- I anticipate enterprise adoption of Macs and iPads to be strong due to platform support from Microsoft, IBM, and Cisco.
- Each of these events build on top of each other, as productivity enabling applications and services will support enterprise adoption of Mac OS and iOS.
- An aging installed base of PCs puts the iPad Pro and Mac in a great position to grow in FY 2016.
- I expect first-year shipments of the iPad Pro to be approximately 58 million units based on my demand model.
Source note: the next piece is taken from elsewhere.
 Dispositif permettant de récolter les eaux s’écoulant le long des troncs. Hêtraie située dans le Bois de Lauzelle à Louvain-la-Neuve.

- Furthermore, expectations for the iPad Pro are high, as 2-in-1 devices are expected to be the next "big" PC category
Apple (NASDAQ:AAPL) really started to pick up momentum when Microsoft (NASDAQ:MSFT) decided to offer the office suite to Mac OS X and iOS. The partnership with IBM (NYSE:IBM) came as a result of Microsoft's willingness to offer apps for Apple branded products. Once Microsoft was onboard, everyone else went onboard the Apple train, and it’s no wonder. If Microsoft hadn’t approached Apple first, it was likely that competing apps in Apple’s ecosystem would eventually neutralize Microsoft’s software business model.
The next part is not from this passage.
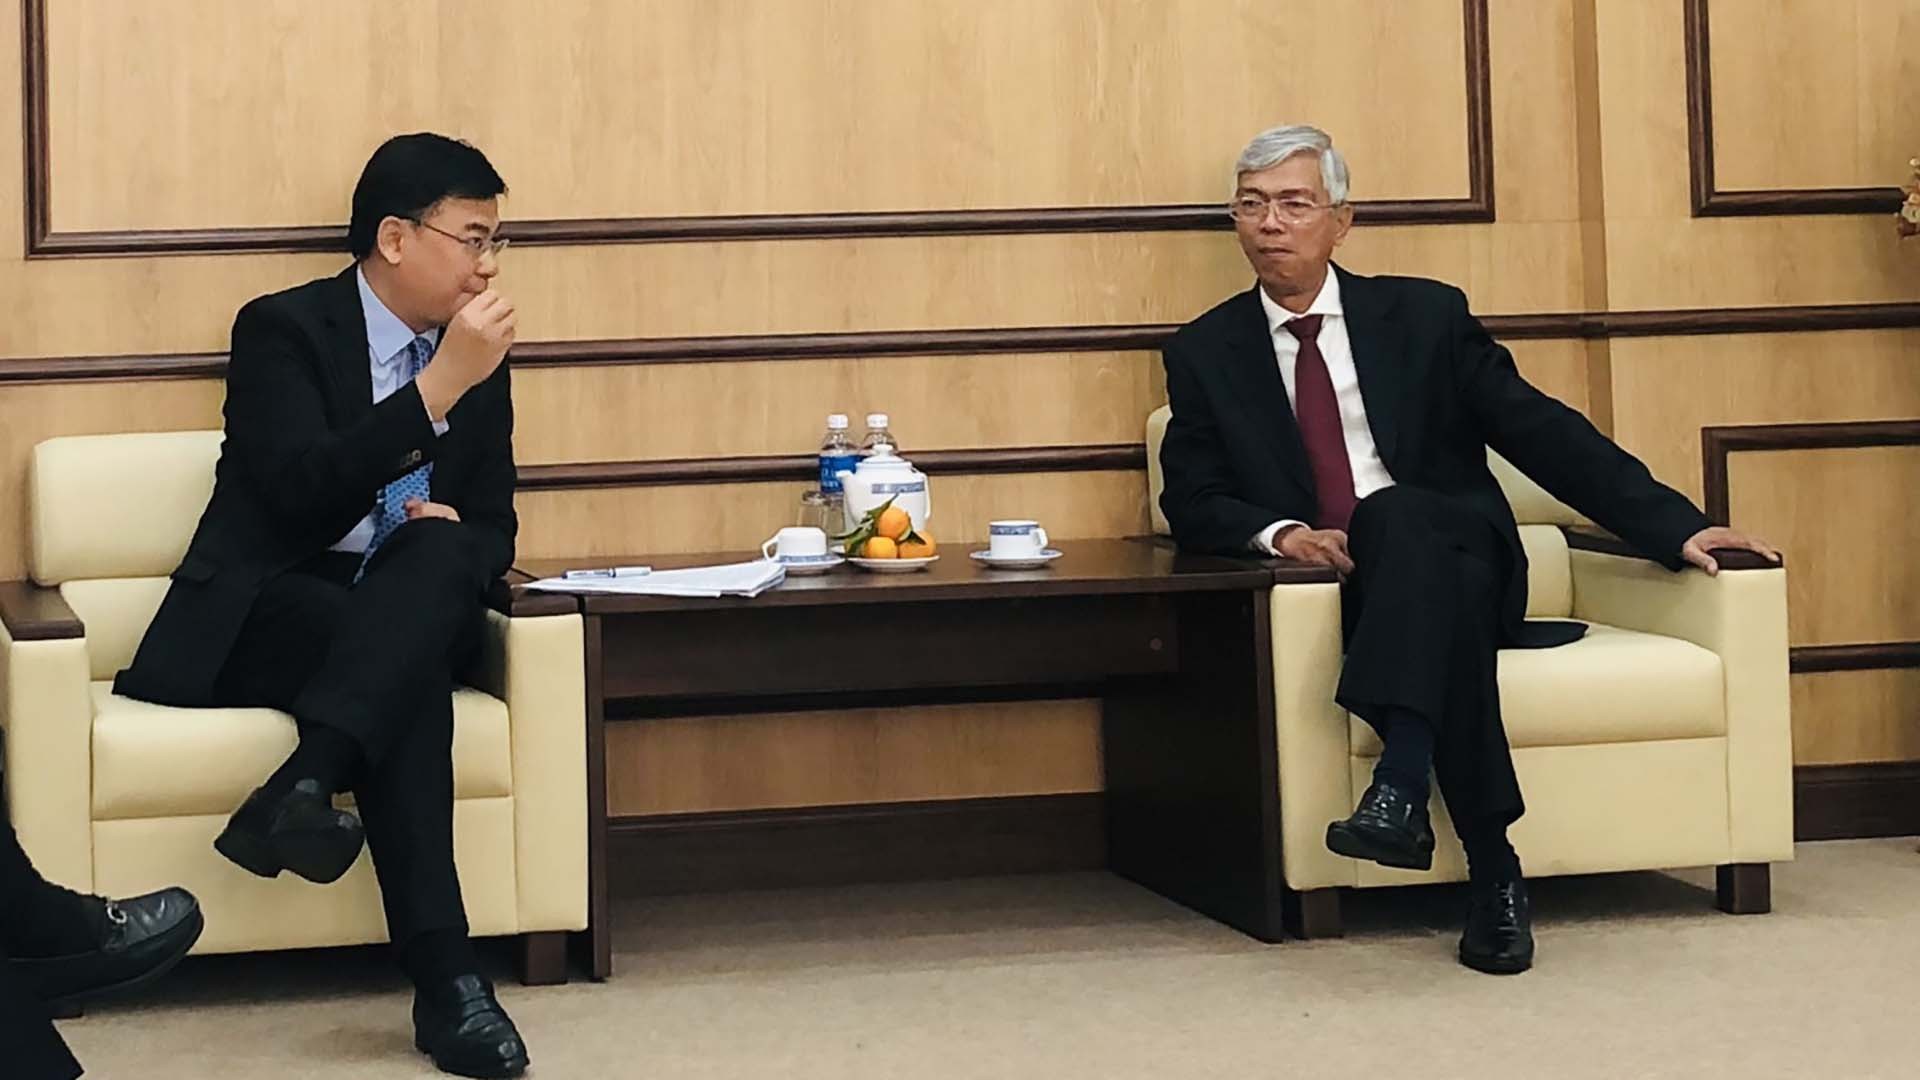  Thứ trưởng Phạm Quang Hiệu làm việc với đồng chí Võ Văn Hoan, Phó Chủ tịch UBND TP. Hồ Chí Minh

No point in leaving low hanging fruit on the tree. Right?
IBM then went on to form a more formal alliance with Apple back in the winter of 2014. Of course, it did little to reverse the trend in iPad sales, but the development of IBM-branded software for both Mac and iOS at least contributed to the growth rate of the Mac segment throughout 2015.
Note: You might also be interested in Amigobulls' Apple stock analysis video evaluating its fundamentals.
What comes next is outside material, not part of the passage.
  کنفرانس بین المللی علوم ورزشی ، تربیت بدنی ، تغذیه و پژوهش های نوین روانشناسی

It is not surprising that enterprises are starting to shift more of their PCs to Macs over Windows. While Windows 10 could mitigate some of these trends, I anticipate that the release of OS X El Capitan will sustain the momentum Apple has been able to establish over the past eight years.
Furthermore, as of September 1, 2015 Apple agreed to a partnership with Cisco to jointly develop technologies that allow for better connectivity for Apple branded products. Cisco (NASDAQ:CSCO) plans on developing a faster lane for Apple specific devices so the local area network can prioritize resources for higher priority tasks. This makes Apple a friendlier product to the enterprise even as it already has the best security features, and a pre-existing app ecosystem that accommodates for general purpose, and productivity applications.
I anticipate that the iPad Pro will debut into an environment where consumers will be extremely receptive to both the larger form factor, and feature additions that are brought on by iOS 9. Of course, there is a lot at stake given the revenue deceleration in the segment between fiscal year 2014 and 2015.
While it is hard to characterize the size of the enterprise market the conditions are ripe for adoption potential. A recent survey showed that 91% of businesses support iPhones, 89% support iPads, and 60% support Macs. The report also points to continued adoption of Mac PCs, which comprises a very small fragment of the entire PC market. It’s projected that 281.6 million PC units will be sold, and of that amount the Mac will account for 21 million units, assuming a 12% growth rate. To be fair, growth might be slightly less than that, but it’s hard to tell, because Apple tends to hold its data very close to its chest, and industry reports tend to be wildly inaccurate when pertaining to Apple-specific PC sales versus broader sales due to the limited amount of volume that goes through third-party sales channels.
Nonetheless, Apple's base of units is so small when compared to the broader PC market that a minor shift in market share could add meaningfully to sales in any given year. The installed base of PCs older than five years is estimated at 500 million units, according to Intel. Older PCs will be replaced over time, which will eventually impact Mac and iPad shipments. Many of these five-year old PCs belong to small and medium businesses, which is why enterprise trends are extremely important to Apple’s growth trajectory going forward.
Preferences towards devices have shifted over the past five-years. It’s likely that users will take the positive experience they had with iPhone, and will assume that the Mac will deliver that same experience. With an aging installed base of PCs, there’s a lot of pent-up demand for Mac products, but it’s not exactly clear how it will impact Apple’s business in the next fiscal year. Furthermore, there are some challenges to near-term growth assumptions due to the high price elasticity of computers. Mac prices are on average three times more expensive than Windows PCs. Therefore, Apple really needs to launch the iPad Pro and price the device in the $700 to $900 range to generate meaningful growth in revenue when pertaining to the enterprise.
The sub $1,000 PC market is where Apple can truly shine. With a 2-in-1 product that’s roughly the size of an Ultra Book, Apple can gain more tablet and PC market share. This will correspondingly drive demand in terms of units. When based purely on pricing elasticity, I anticipate that the demand for the Apple iPad Pro will be around 58.81 million units in its first year. This will likely displace the unit mix for the mid-tier iPad Air 3, and the low-tier Apple iPad Mini 4. It’s also hard to determine how sales would compare to prior year, because Apple will also sell units of the iPad Air 3 and Apple iPad Mini 4. So, I’m not going to offer an exact revenue figure for the entire segment, but I do anticipate meaningful adoption of 2-in-1 devices upon launch.